WHAT TO DO ▸
Restate all the data word for word and omit the pictures.

PROVIDED DATA ▸
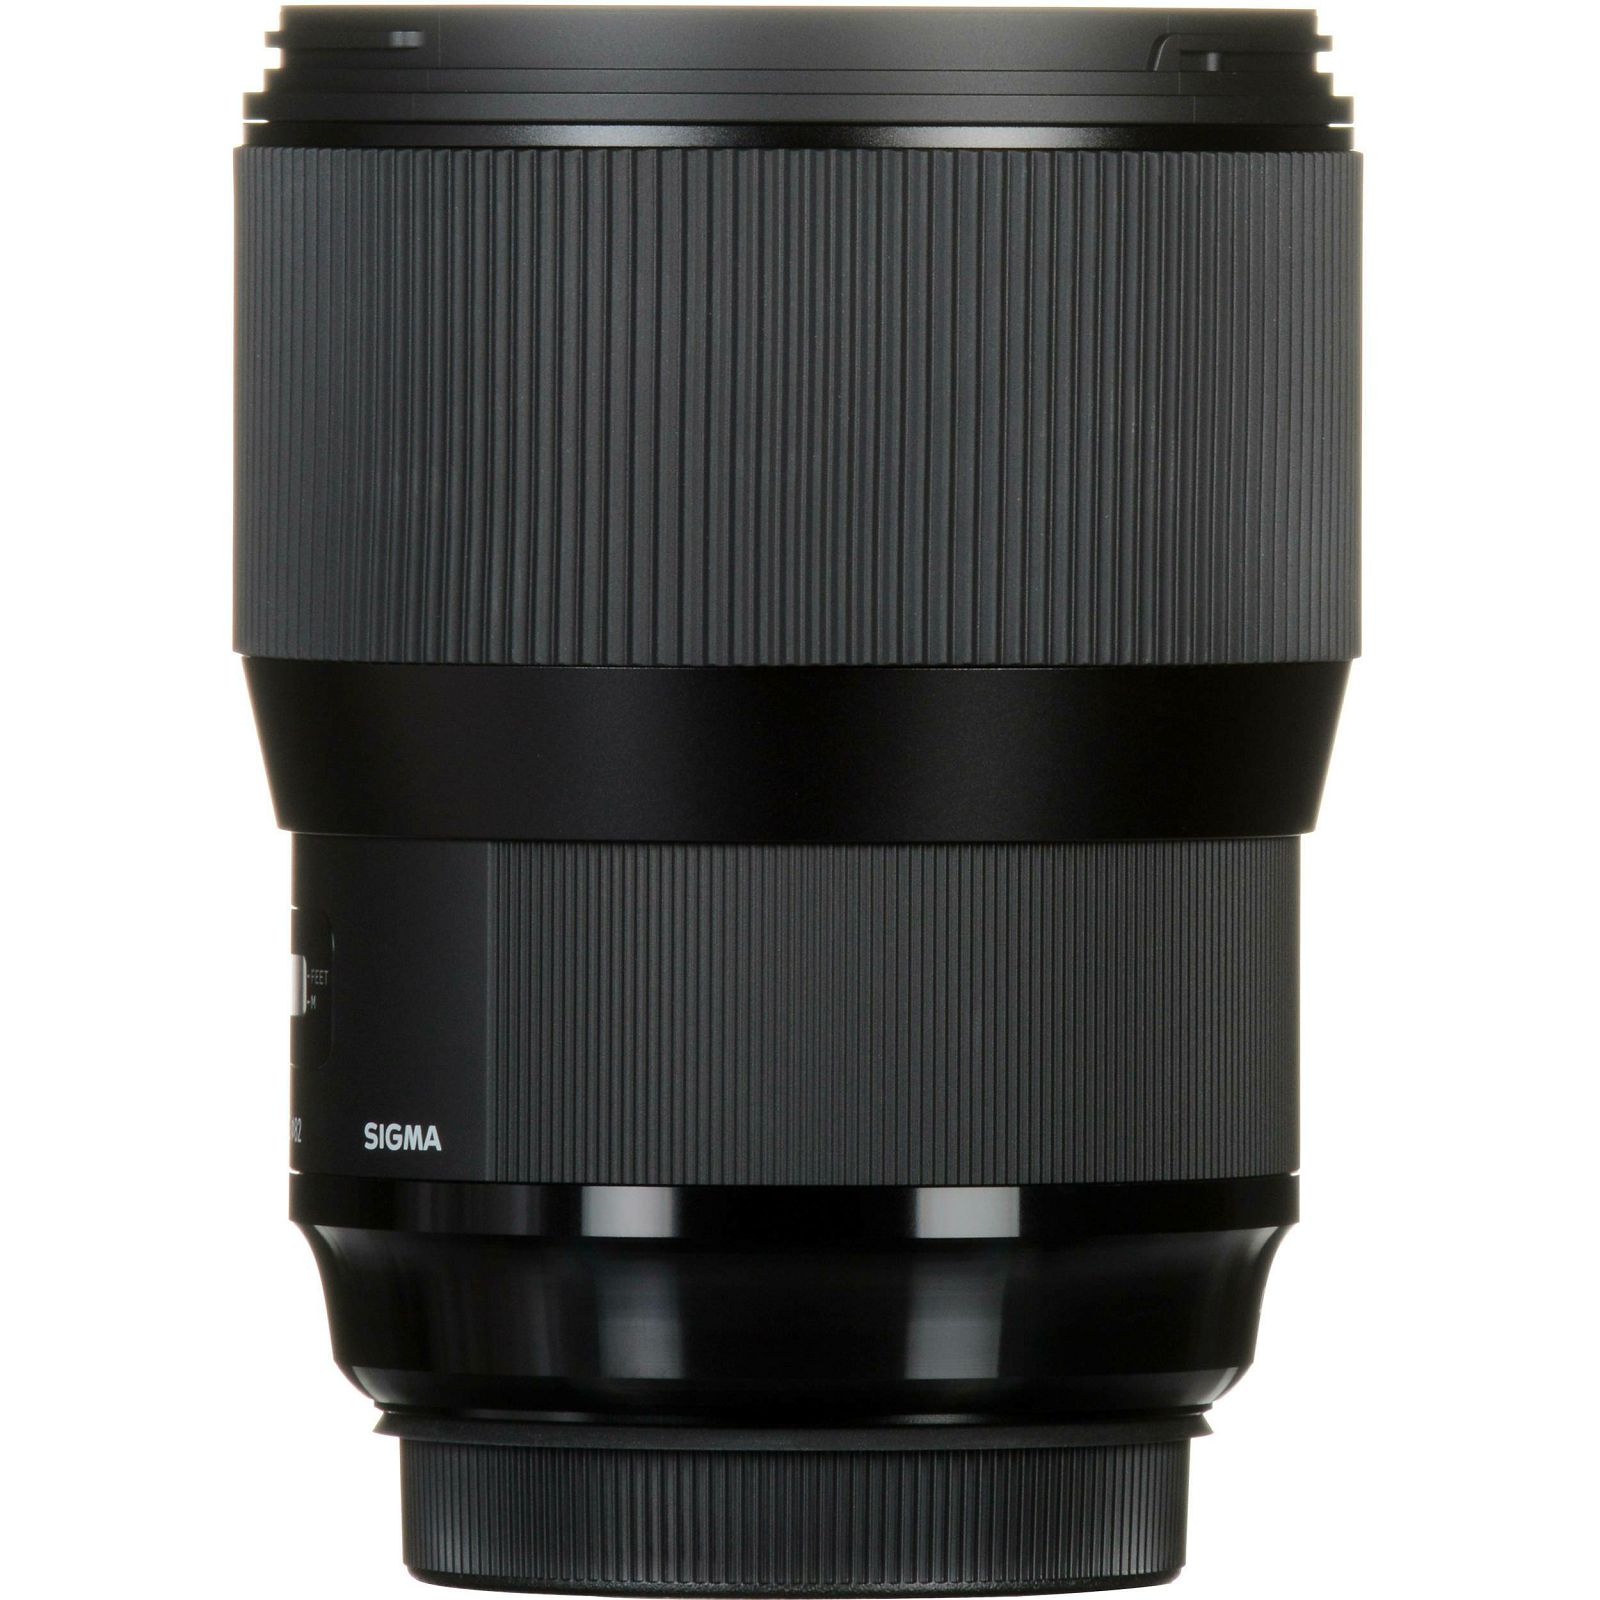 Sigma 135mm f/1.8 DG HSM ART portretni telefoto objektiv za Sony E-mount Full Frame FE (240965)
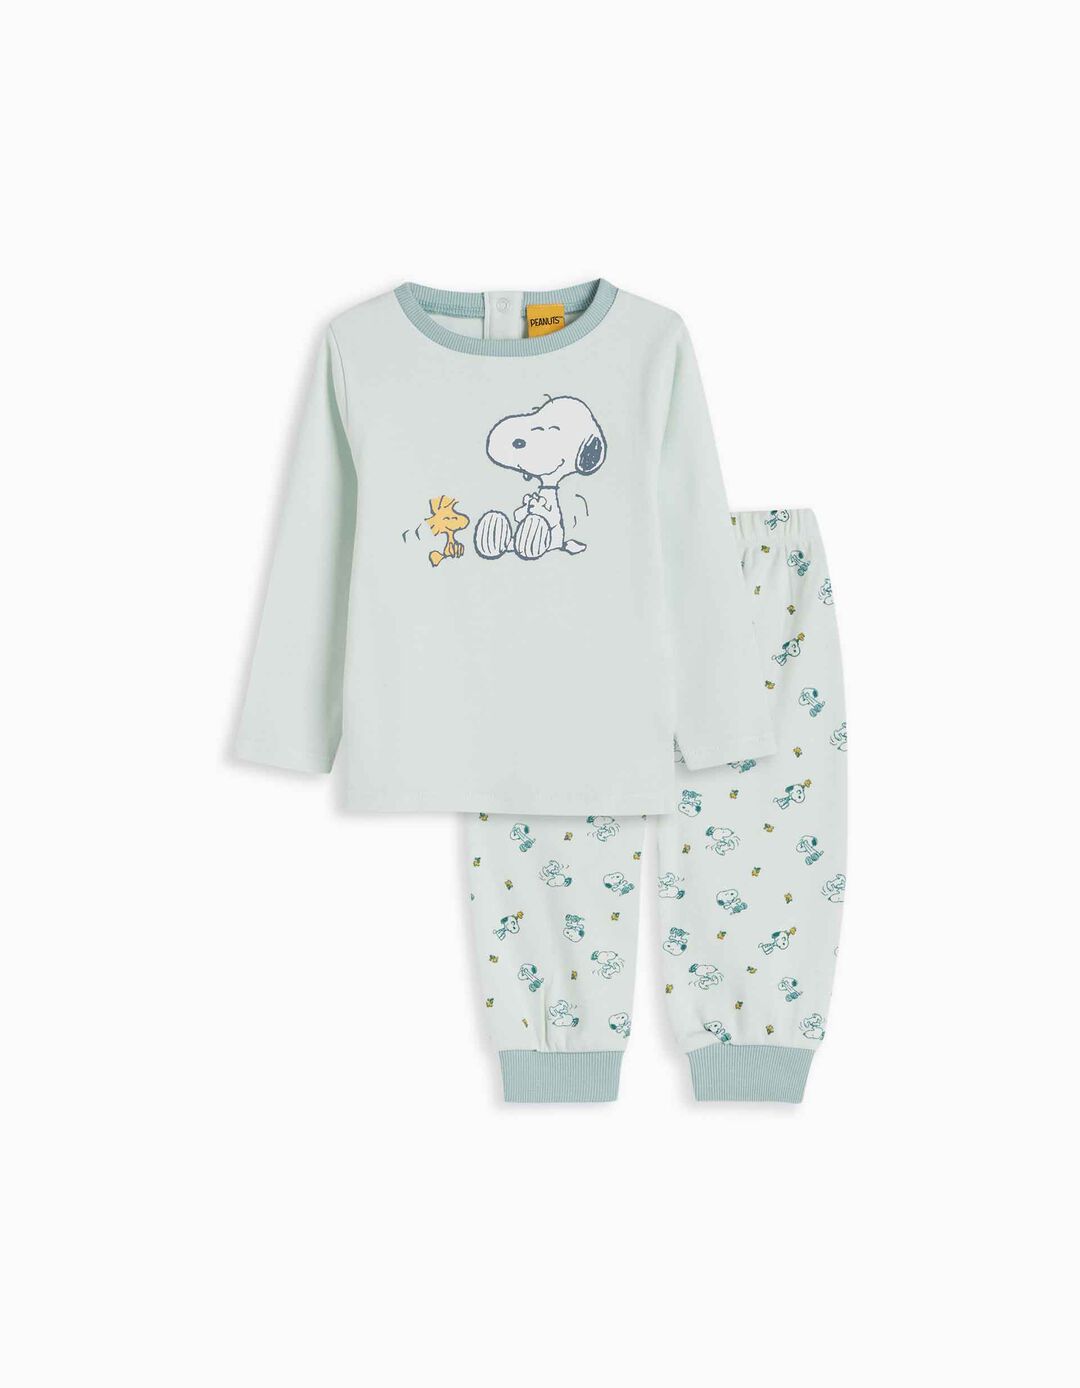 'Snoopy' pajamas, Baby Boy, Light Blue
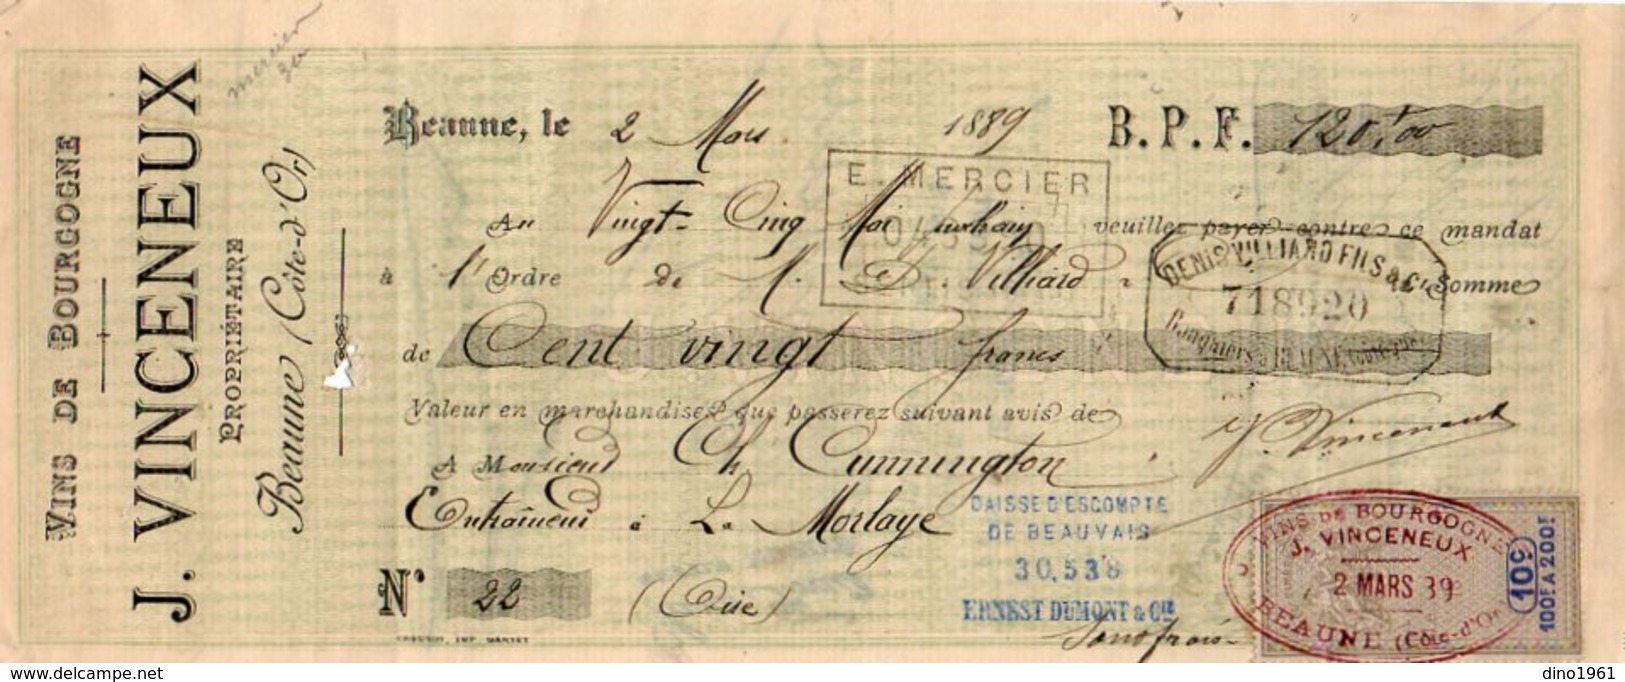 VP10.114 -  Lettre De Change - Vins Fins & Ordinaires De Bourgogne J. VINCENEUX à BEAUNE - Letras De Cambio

RESULT FOR THIS EXERCISE ▸
 Sigma 135mm f/1.8 DG HSM ART portretni telefoto objektiv za Sony E-mount Full Frame FE (240965)
 'Snoopy' pajamas, Baby Boy, Light Blue
 VP10.114 -  Lettre De Change - Vins Fins & Ordinaires De Bourgogne J. VINCENEUX à BEAUNE - Letras De Cambio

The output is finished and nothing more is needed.